5 Things Hawaii: Gov. Ige’s leadership, Re-opening the economy, Dr. Scott Grosskreutz

We have launched two new daily emails for you if you are interested in tracking our coverage at the nexus of health care and health policy even further. One afternoon newsletter covers our reporting on COVID, while an early morning newsletter gives you a run down of all of our daily reporting at State of Reform, across our West Coast, South West, and National editions.

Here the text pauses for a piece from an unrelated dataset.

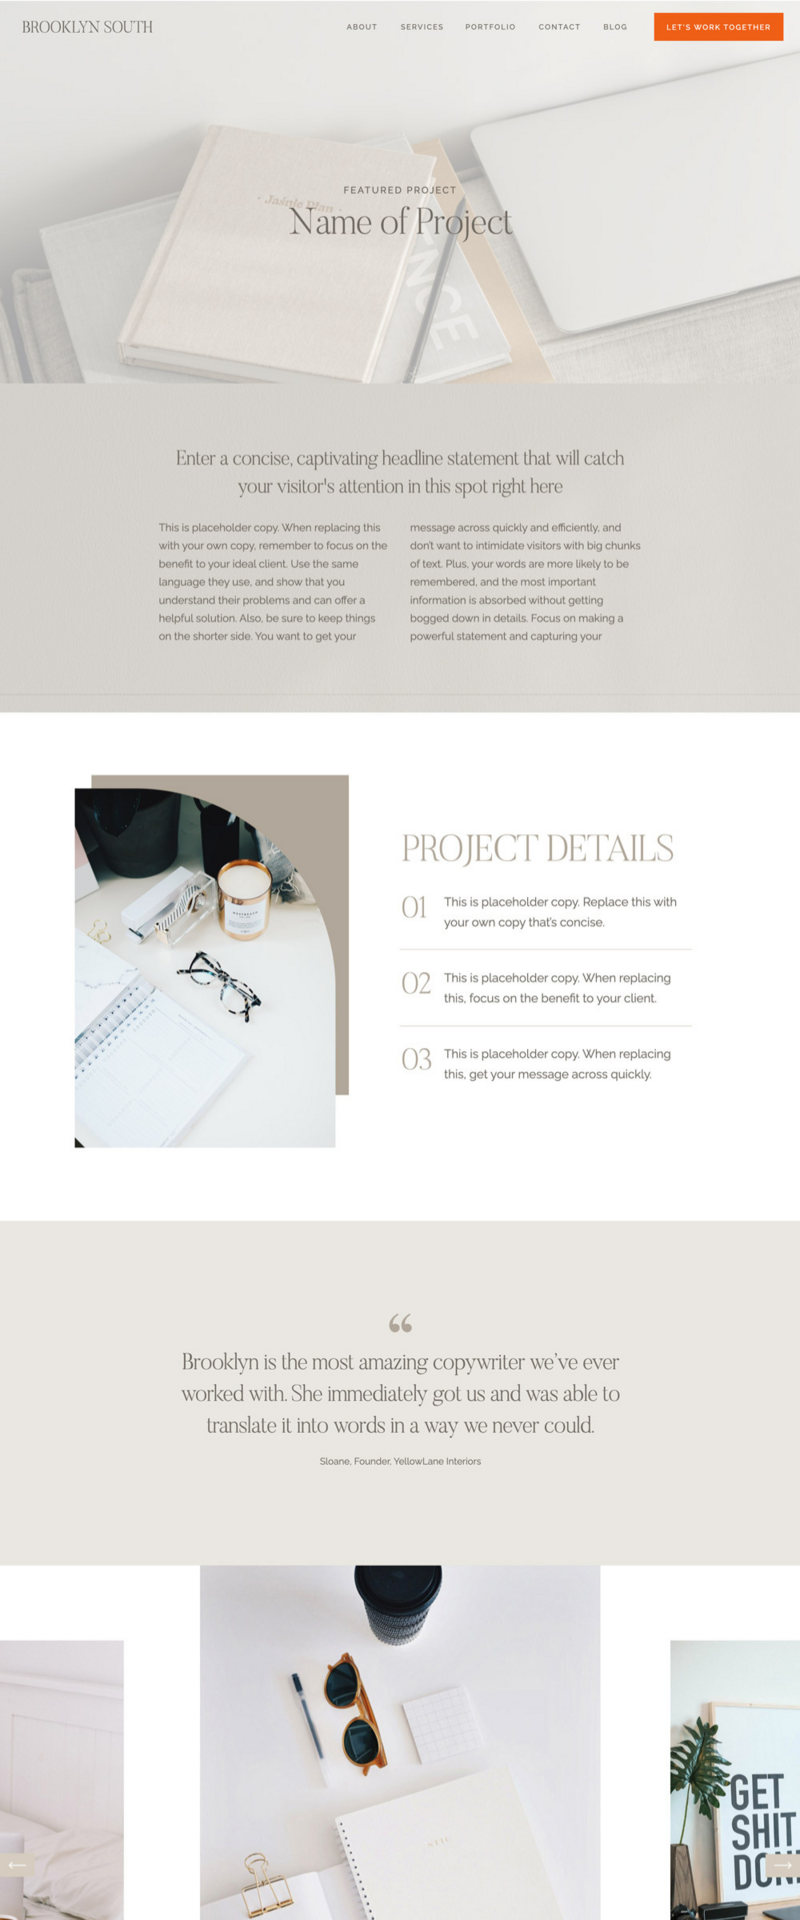 showit_template_for_creative_service_providers_-_brooklyn_south_7

Stay healthy and have a Happy Easter and Passover!

 

 

 

 

With help from Emily Boerger

1. Improving news on COVID in the state

As of Tuesday, there have been 410 confirmed cases, 5 deaths, and 42 hospitalizations related to COVID-19 in Hawaii. While the number of cases continues to climb and uncertainty remains about the total impact of the virus, updated data from the Institute for Health Metrics and Evaluation (IHME) offers a glimmer of hope.

The latest data shows a decrease in the projected number of COVID-19 deaths in the state, dropping from 372 to 112. The data also shows Hawaii is 4 days away from peak resource usage and peak daily deaths — previously, this peak wasn’t expected until May. During that time, there will likely be enough hospital beds, but there is a predicted shortage of 25 ICU beds.


2. Ige gets mixed reviews over COVID-19 response

In a recent opinion piece from Politico, author Bill Scher ranked Gov. Ige #4 on his list of worst gubernatorial responses to the COVID-19 pandemic. The low ranking is in part due to Ige’s initial hesitation to issue mandatory social distancing orders, instead relying on county mayors to close businesses and order residents to shelter-in-place. Scher also sites the reported tension between Ige and Lt. Gov. Josh Green as a contributing factor to the low ranking.

However, in a separate public opinion poll of each US governor’s ability to “to keep people safe during the ongoing public coronavirus crisis,” Ige ranks 30th with 71% approval. For perspective, we reached out to several health care experts and political insiders for their takes on Ige’s COVID-response. Many had lots to say privately though few wanted to be on the record. We detail the recommendations of one long-time health policy watcher here.

 

3. House select committee discusses steps to re-open economy

new brief from the Economic Research Organization at the University of Hawai’i (UHERO) outlines measurable targets and next steps needed to re-open Hawaii’s economy and end social distancing restrictions. Hawaii’s House Select Committee on COVID-19 discussed the new information Monday morning.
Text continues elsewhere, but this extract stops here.